After failover when thing don't work as they should anymoreAfter failover when thing don't work as they should anymore

 

 

Any ideas what is wrong? Thank you.

 

Best regards

Heiki

22 Replies 22
Adam
Kind of a big deal

What IP is set as the gateway for the MS220 and the MS225?  I wonder if the MS220 is gateway'd to an interface that is only on the primary?

Adam R MS | CISSP, CISM, VCP, MCITP, CCNP, ITILv3, CMNO
If this was helpful click the Kudo button below
If my reply solved your issue, please mark it as a solution.
heiki
Here to help

All switches use the same gateway 172.16.56.1 which is an SVI on the MX250s.
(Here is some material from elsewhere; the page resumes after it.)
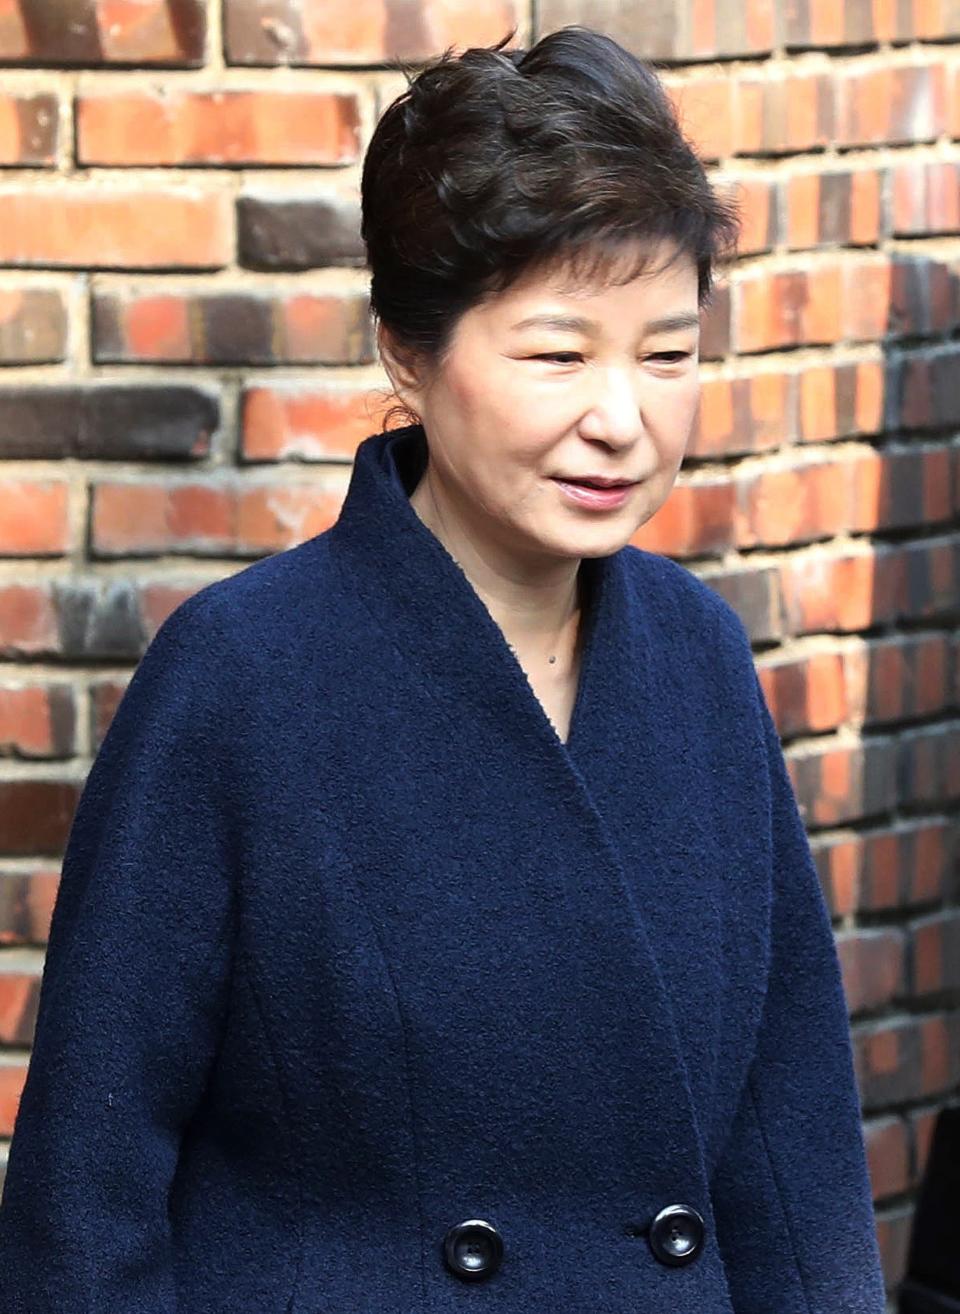 South Korean ousted President Park Geun-hye leaves from her private home to prosecutors office in Seoul, South Korea, Tuesday, March 21, 2017. (Kim Hyun-tae/Yonhap via AP)

That configuration is working because if I just power off the MX250-Prim-Active and the MX250-Spare takes the Master role then all switches/clients can connect to the internet.
Adam
Kind of a big deal

Based on that diagram you kind of have two root switches since they both uplink directly to the MX cluster. Bummer we can't see what port 9/10 look like on the MS220 in the failed state.  Maybe check what the ports on the MXs look like in the failed vs working state.  It truly feels like STP isn't doing its job.  May be worth going to Switch>Switch Settings and manually specifying a root bridge.  

Adam R MS | CISSP, CISM, VCP, MCITP, CCNP, ITILv3, CMNO
If this was helpful click the Kudo button below
If my reply solved your issue, please mark it as a solution.
jdsilva
Kind of a big deal

I like where Adam is going with this because that's where my mind went at first too. But if you think about it, the LAN doesn't change when you disconnect the WAN link, so by all rights the STP topology should not be changing either. On the 8 port switch port 9 should still be forwarding, and port 10 should still be blocking. This makes the path to the gateway kinda wonky, but it _should_ still work. So I suspect something else is at play here (Maybe the now standby MX isn't forwarding ARP replies from the now active MX to the 8 port switch???).

 

I have a couple very similar topologies built, but we use the Meraki recommended practice of connecting the MX's directly.

 

https://documentation.meraki.com/MX-Z/Deployment_Guides/NAT_Mode_Warm_Spare_(NAT_HA)#Physical_archit...

 

I am not really a fan of this as the MX's don't participate in STP, but it does seem to work and fails things over correctly. While not providing an explanation to what you are seeing it should be a simple way to stabilize things so you actually have a viable failover.

 

 

PhilipDAth
Kind of a big deal
Kind of a big deal

@jdsilva I personally find the published Meraki design (reproduced below) - does not take into account enough factors.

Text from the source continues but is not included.